High school student Rui gets a visit from Mr. Igarashi, a statistician working for her father. Instantly falling in love with him, she decides to study statistics so that she can get close enough to him. However, her teacher is not Mr. Igarashi, but a certain Mr. Yamamoto, whom she initially despises but values greatly as he teaches her how statistics work and what its components are.

The seventh and final chapter focuses on statistical hypothesis tests, which Rui manages to overcome. She prepares herself to go meet Mr. Igarashi, only for Mr. Yamamoto to reveal that he is on honeymoon vacation. Thinking that her lessons were for nothing, she accidentally stumbles into him, knocking his glasses off to reveal his handsome face. Finding him pretty, she decides to keep having lessons with him.

== The Manga Guide to Regression Analysis ==
This 235-page guide contains four chapters, as well as a prologue, an appendix and index. It focuses on multiple types of Regression analysis, from simple regression to multiple regression.

Miu, a shy waitress working at Café Norns, has developed feelings for a mathematics student regularly visiting the café, which gets her teased by her colleague, Risa. One day, as the café closes, Risa notices that the student has left his book, which is about regression analysis. Seeing this as an opportunity to get closer to the student, Miu asks Risa to take lessons from her about the subject, which Risa agrees to.

After the final lesson, which is about Logistic regression, Miu tearfully confesses to have seen Risa talking to the student at the mall, with the student soon revealed to be Risa's cousin, Hiroto. After some encouragement from Risa, Miu and Hiroto introduce themselves to each other and start dating.

== The Manga Guide to Electricity ==
This 207-page guide consists of five chapters, excluding the preface, prologue, and epilogue. It explains fundamental concepts in the study of electricity, including Ohm's law and Fleming's rules. There are written explanations after each manga chapter. An index and two pages to write notes on are provided.

The story begins with Rereko, an average high-school student who lives in Electopia (the land of electricity), failing her final electricity exam. She was forced to skip her summer vacation and go to Earth for summer school. The high school teacher Teteka sensei gave her a "transdimensional walkie-talkie and observation robot" named Yonosuke, which she uses to go back and forth to Earth. Rereko then met her mentor Hikaru, who did Electrical Engineering Research at a university in Tokyo, Japan. Hikaru explained to Rereko the basic components of electricity with occasional humorous moments.

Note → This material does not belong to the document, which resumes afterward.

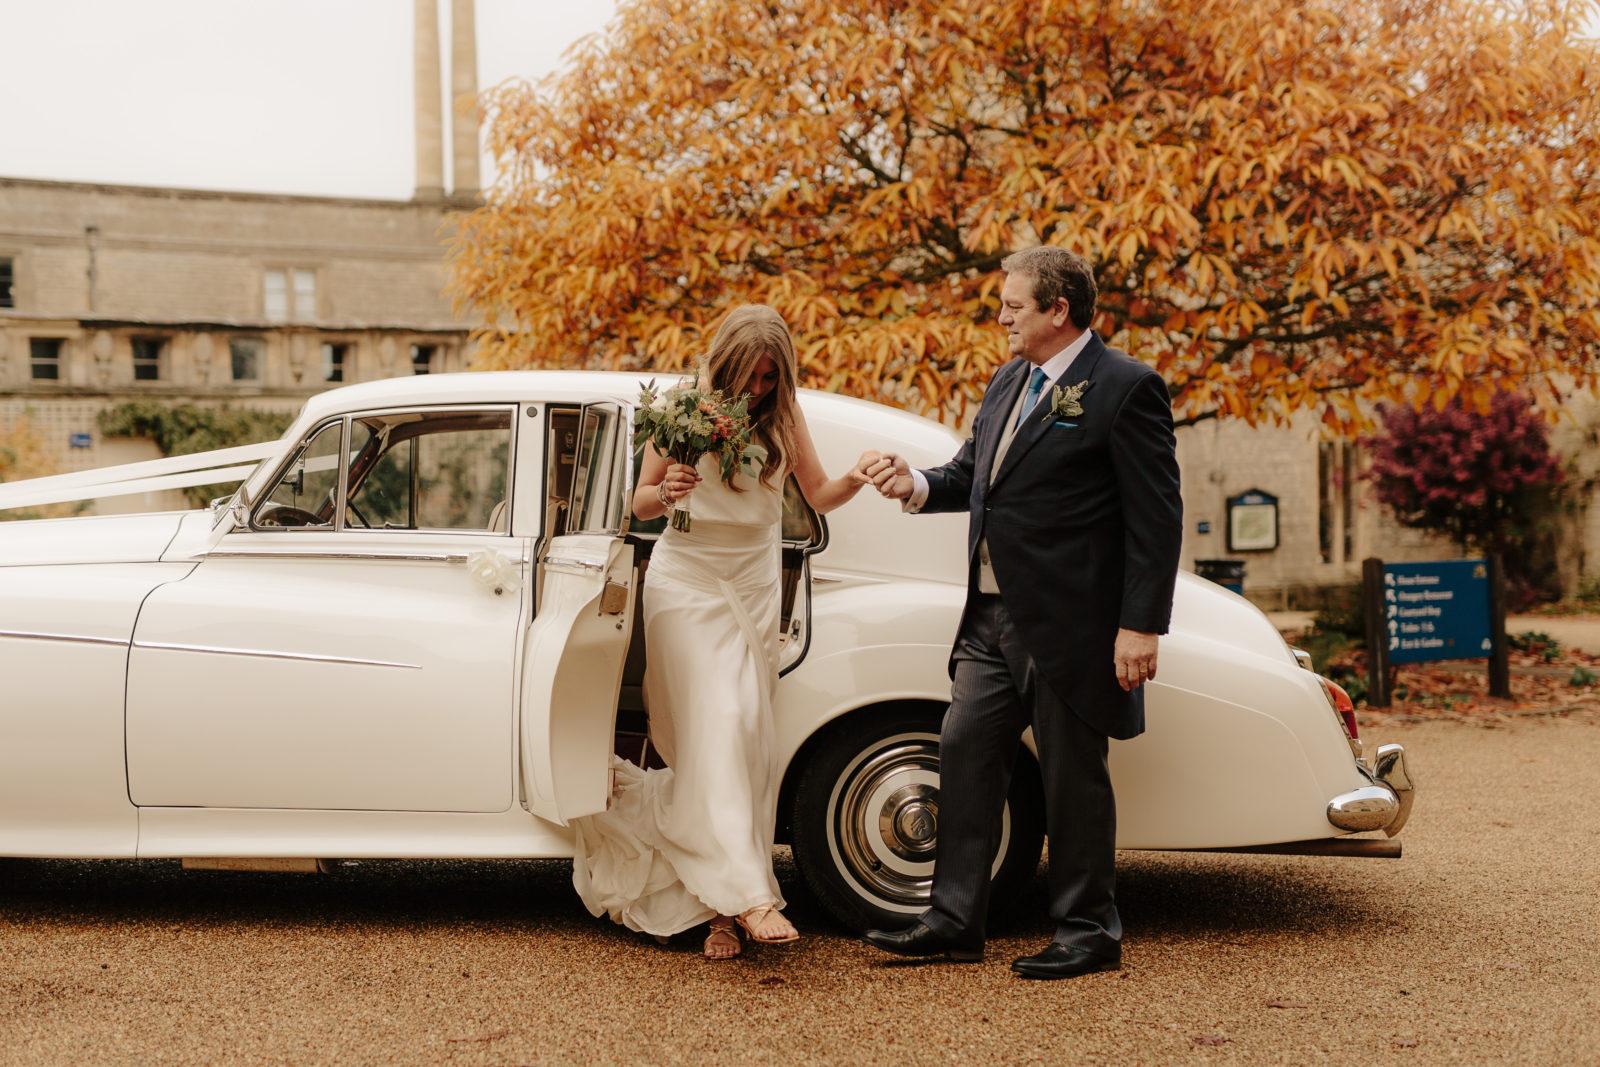 Wedding Dress - Delphine Manivet Hyppolite

In the fifth chapter, Hikaru tells Rereko her studies are over. Yonosuke soon received Electopia's call to pick Rereko up. Hikaru told her that he learned a lot from teaching her, and she should keep at it, even back on Electopia. Rereko told Hikaru to keep working on his research and clean his room often. Her sentence was interrupted, and she was transported back to her hometown.

A year later, Hikaru was waiting at the university bus stop. Suddenly, lightning struck his laboratory. He ran to it and found Rereko waiting inside. Rereko told him she graduated, and Teteka assigned her to work at the university as a research assistant, which makes Hikaru and Rereko lab partners.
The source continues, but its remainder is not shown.